Post-NaNoWriMo: At NaNoWriMo's End

Nanowrimo's come to an end again this year, and for many this was a year of first-time victories! This year I was thankfully gifted with the time to claim my second victory in a row, which ultimately came smoother than the first. I say this of course, not to brag, but to shed light on two very different NaNoWriMo experiences I had and what little nuggets of advice I found in both.

Before I get to that though, let's tackle the first order of business. Whether or not you claimed a victory this year, congratulations!

No, seriously.

This challenge is whatever you make it, it doesn't matter if you got to 50,000 words or not. You pushed yourself, as a writer, to advance on your latest project. You invested in your career, your craft and most importantly, your passion. This challenge is a big one for so many reasons than those, but you get the idea. Wherever you've landed on your NaNoWriMo challenge, you advanced a little (or a lot) further on your novels and are ready to keep it going.

If you did make your 50,000, great work! You'll either be spending December beginning the editing phase or, if you're like me, seeing that 50,000 words as another step closer to completing your novel. Which ever one it will be, don't sweat it and use December 1st to give your brain that much needed vacation from writing.

Back to those who have yet to achieve that 50,000 victory. First of all, I'll just repeat myself: don't be discouraged, next year will definitely be your year and I'm about to tell you why. I mentioned in earlier blog posts how typing 1,667 words a day is the key. I mean that. I used this method both times and now can say that the method earned me a second victory.

However, I did mention at the beginning of this blog post that I was gifted with extra time this year to complete my challenge. What do I mean by that? Well, let me compare my first and second NaNoWriMo victories and you'll see what I mean.

Last year, I earned my victory on the very last day. I paced myself as much as I could, but I won't deny that I did panic at the last minute because my busy work schedule was making it nearly impossible to keep up. What was that schedule you ask? Here's everything I was doing at the same time as my first NaNo challenge: I was working two jobs, one at a Dr. Cellphone and one at a yogurt shop. Both were part-time jobs but the hours for each were set right after the other, so it was really like having a full-time job...with intense holiday hours (don't forget, this is November we're talking about).

On top of this, I got married in April of this year so I was obviously planning my wedding at the same time. So between scheduling my bridal appointments, and working my dual job hours I still had to make time for my NaNo challenge. I pulled all nighters during all of this stressful insanity (at least by my definition) because I was determined to say that I won.

Was I the busiest person on earth? Nah, there are obviously people out there who had just as busy schedules if not more. My point is, I set time aside above all else to get it done, it took a lot of determination.

Let's look at this year's victory. I was already married, I worked from home at my previous job and had much less of a hectic schedule to deal with to get my NaNo victory.

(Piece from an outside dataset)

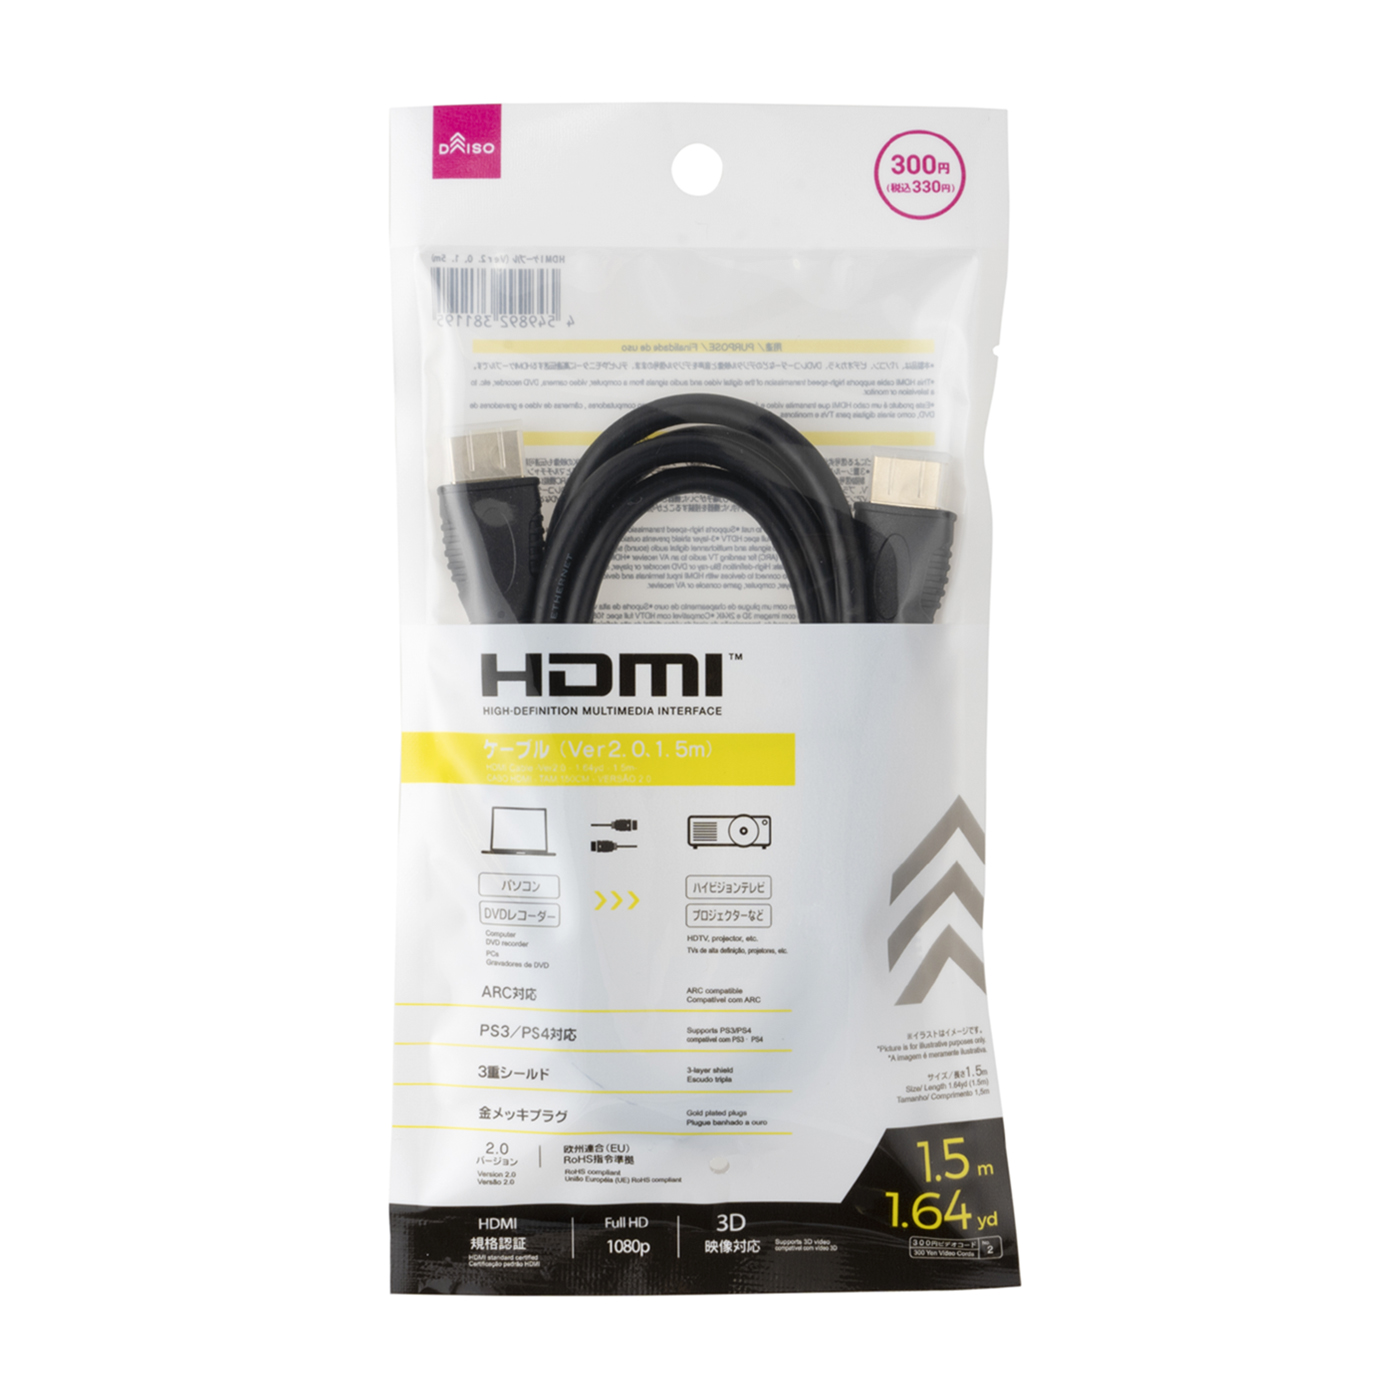 HDMIケーブル
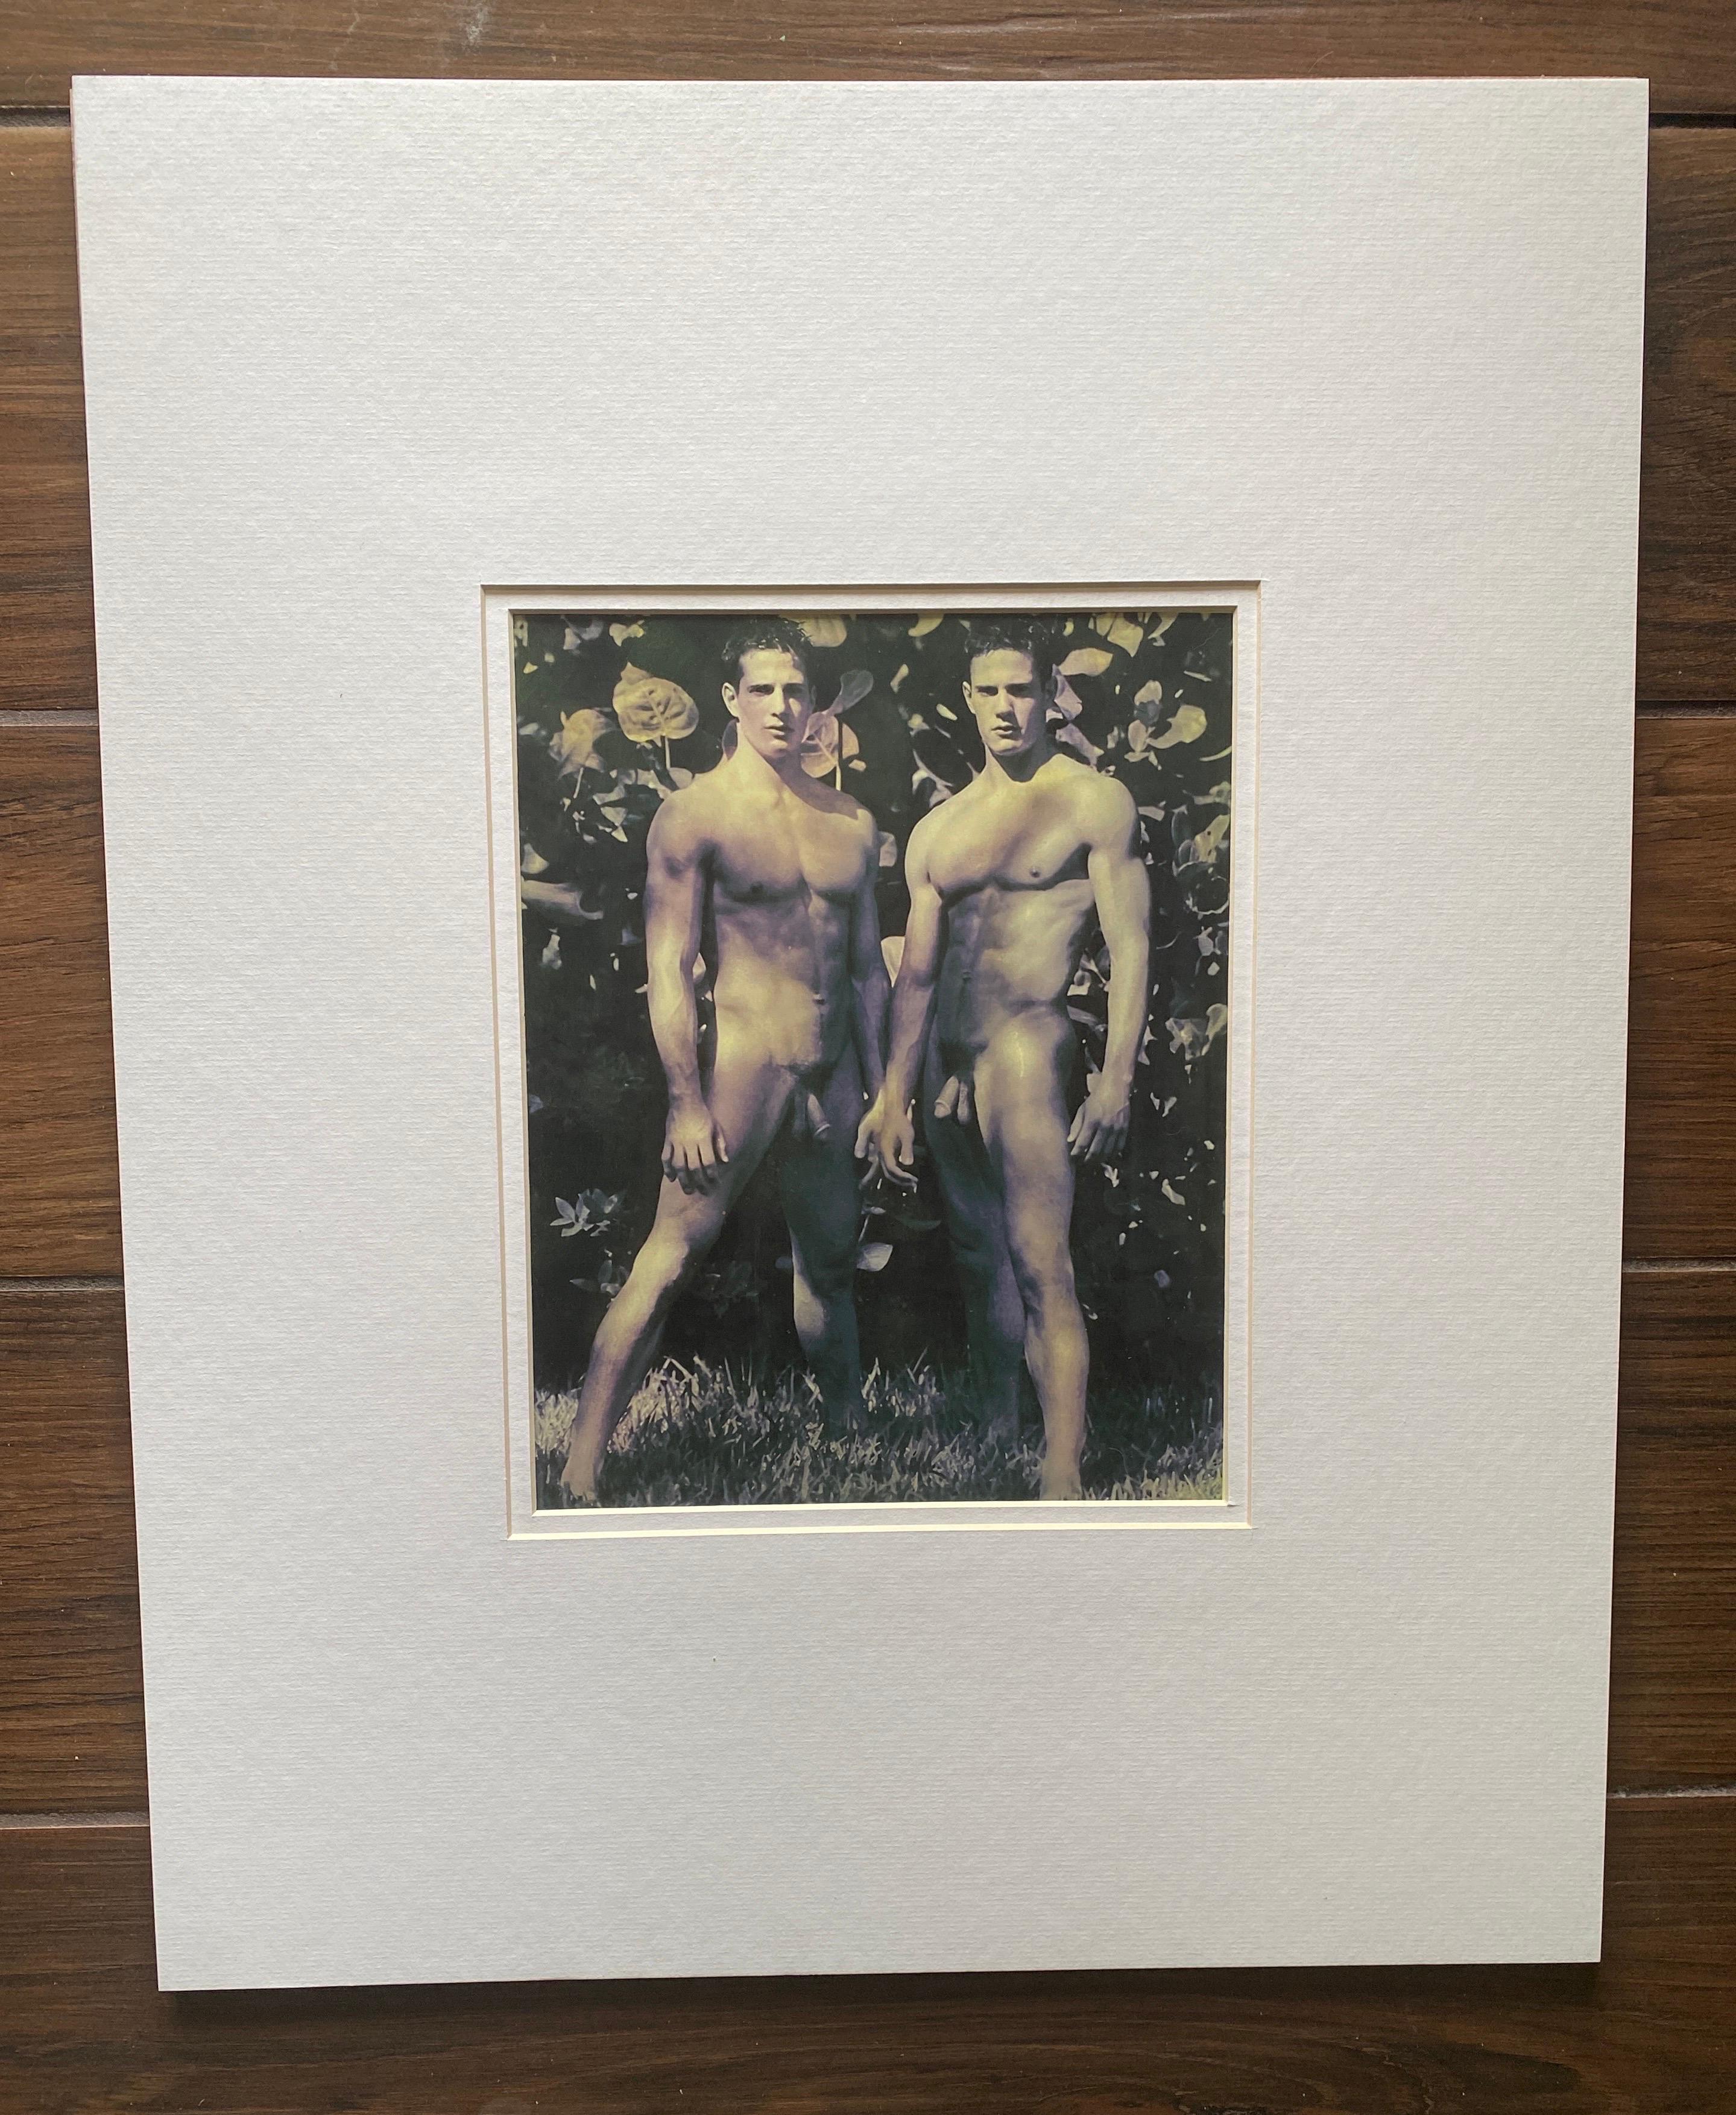 Nous vendons 4 images des jumeaux Carlson, Lane et Kyle. Ce que l'on sait : la série de nus a été réalisée par Bruce Weber en 2000. Elles sont intitulées

What's my point? That I definitely feel that my first victory was much more earned than this year's, because I really had to struggle and work for that first victory. Having that kind of pride is another part of why NaNoWriMo is so worth it. Now, here's the advice, plain and simple.

If you did not make the 50,000 this year, then vow to push yourself as much as you possibly can next year because sometimes that's what it's going to take. You have to asses your schedule and figure out what obstacles you're going to have to overcome to get your win. This probably all sounds like common sense, but it's what's required if you want to get that win!